Ha così trovato il tempo di dedicarsi alla poesia, una grande passione esercitata solo sui banchi della scuola elementare, quando grande era la sua dedizione allo svolgimento del tema in classe.
Numerosi riconoscimenti, dopo diversi piazzamenti al secondo e terzo posto e più volte il primo premio speciale estero, nel 2005 vince il primo premio al quinto concorso internazionale Poeti nella Società a Lugano, sempre lo stesso anno risulta vincitore assoluto del Premio Atheste a Este (PD). Nel luglio 2003 pubblica il suo primo volume Poesie d'un emigrante, Edizioni Tigullio Bacherontius, Santa Margherita Ligure. Nel giugno 2005 esce il secondo volume, Valigie di cartone da Carello Editore (CZ), premiato al secondo posto ben quattro volte.
Nel maggio 2007 ha ricevuto il premio speciale "Pro Senectute" nell'ambito del concorso di poesia Stella Norbiato - Città di Spinea.
Presente in diverse antologie letterarie, le liriche più amate, realmente vissute e dedicate a tutti gli emigranti e premiate ai primi posti sono: Il treno del sud, Indelebili orme, I minatori, Dove ho lasciato il cuore, Stazione di Chiasso, Viaggio a ritroso. Lo scrittore svizzero Dr. Ernest Halter ha scritto di lui: "Ho provato una grande emozione leggendo poesie realmente vissute."

IL SOLE SORGERA' ANCORA di Graziano SIA
ISBN 978-88-96274-75-3 Prezzo: 12,00 euro

Dalla prefazione di Marzia Carocci: Graziano Sia, pubblica un libro che ci riporta al doloroso “movimento” dell’emigrazione.
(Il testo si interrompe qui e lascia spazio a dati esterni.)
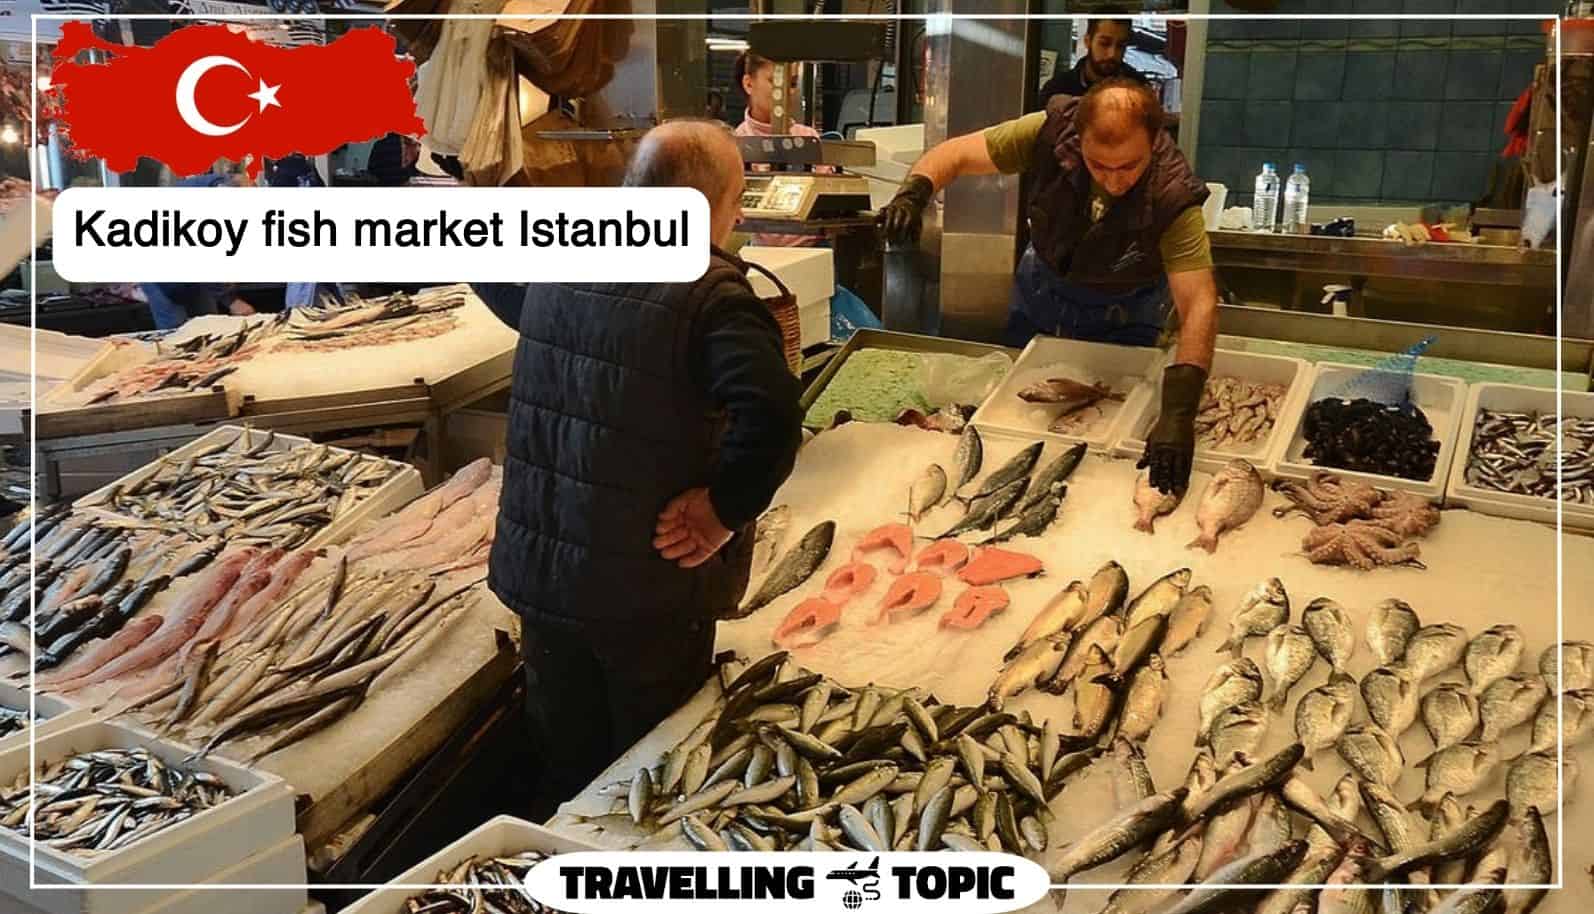 Kadikoy fish market Istanbul

Famiglie divise, nuclei sradicati da terre martoriate, padri divisi da madri , da figli, dalla propria origine.
Viaggi estenuanti con valige di cartone, in paesi stranieri, freddi, senza radici e sicurezze in un brusio di voci che non è la tua lingua, la tua gente, la tua vita.
L’emigrazione; a volte la sola possibilità di sopravvivenza, viaggi della speranza, in luoghi dove il sogno della propria terra scalda come quel sole lasciato, quel sole che intiepidisce le zolle e profuma l’aria di buono, di amore, di famiglia.
I racconti che arricchiscono il libro di verità sentita, sono immagini che si aprono ai nostri occhi rendendo l’immaginato quasi reale.
La modalità descrittiva dell’autore ci fa “vedere” i personaggi e ce li fa conoscere con i propri disagi, le paure, le lacrime e la nostalgia che è sovrana fra le righe.
Il canto della speranza è musica in sottofondo, la speranza del ritorno alla terra dove spesso, per molti è rimasta solo un’utopia.
La scrittura di Graziano Sia è una simbiosi fra descrizione e poesia , alcuni passaggi, sono vere e proprie liriche, che arricchiscono ulteriormente l’idea che l’autore vuole dare.
Aneddoti di vita vera, comune ai tanti emigranti, racconti che sono piccoli capolavori con una capacità di sintesi non indifferente, dove l’autore riesce a rappresentare le sensazioni, i caratteri, persino la fisicità dei personaggi che hanno camminato nella sua vita, regalandoci uno spaccato ben delineato e narrato in modo estremamente visivo.
Da segnalare il toccante racconto “I nonni paterni”, una storia che è continuità d’amore, dedizione, ricordo;una storia dove anche il lettore si sentirà piccolo di fronte alla grandezza, al valore e al senso che il racconto ci propone.
“Spesso li trovavo seduti davanti al camino, mano nella mano…si amavano perdutamente, nonostante gli anni (…).
Un amore forte, che né la guerra, né l’emigrazione, né fatiche ed ostacoli hanno scalfito;un amore che è maestro di vita, impreziosito dagli anni, fortificato dal tempo e dagli eventi, dove il sentimento é la condivisione di tutto;nel bene e nel male. Graziano Sia , ha saputo tessere con abilità, sensibilità e intelligenza, quelli che sono i valori della bella e brava gente, quella stessa gente che ha il cuore in mezzo al petto, un cuore che è amore per la famiglia, per la propria terra e quindi le proprie amate origini. Racconti che sono la traccia di un tempo, un tempo che ancora è presente e che non dovremmo mai dimenticare.
Basta guardarsi attorno, non ci saranno più, forse le valige di cartone, ma tanti volti stranieri, uomini e donne lontano dalle loro origini e dalla loro terra; gente che sogna e che spera ancora di ritornare da dove sono venuti.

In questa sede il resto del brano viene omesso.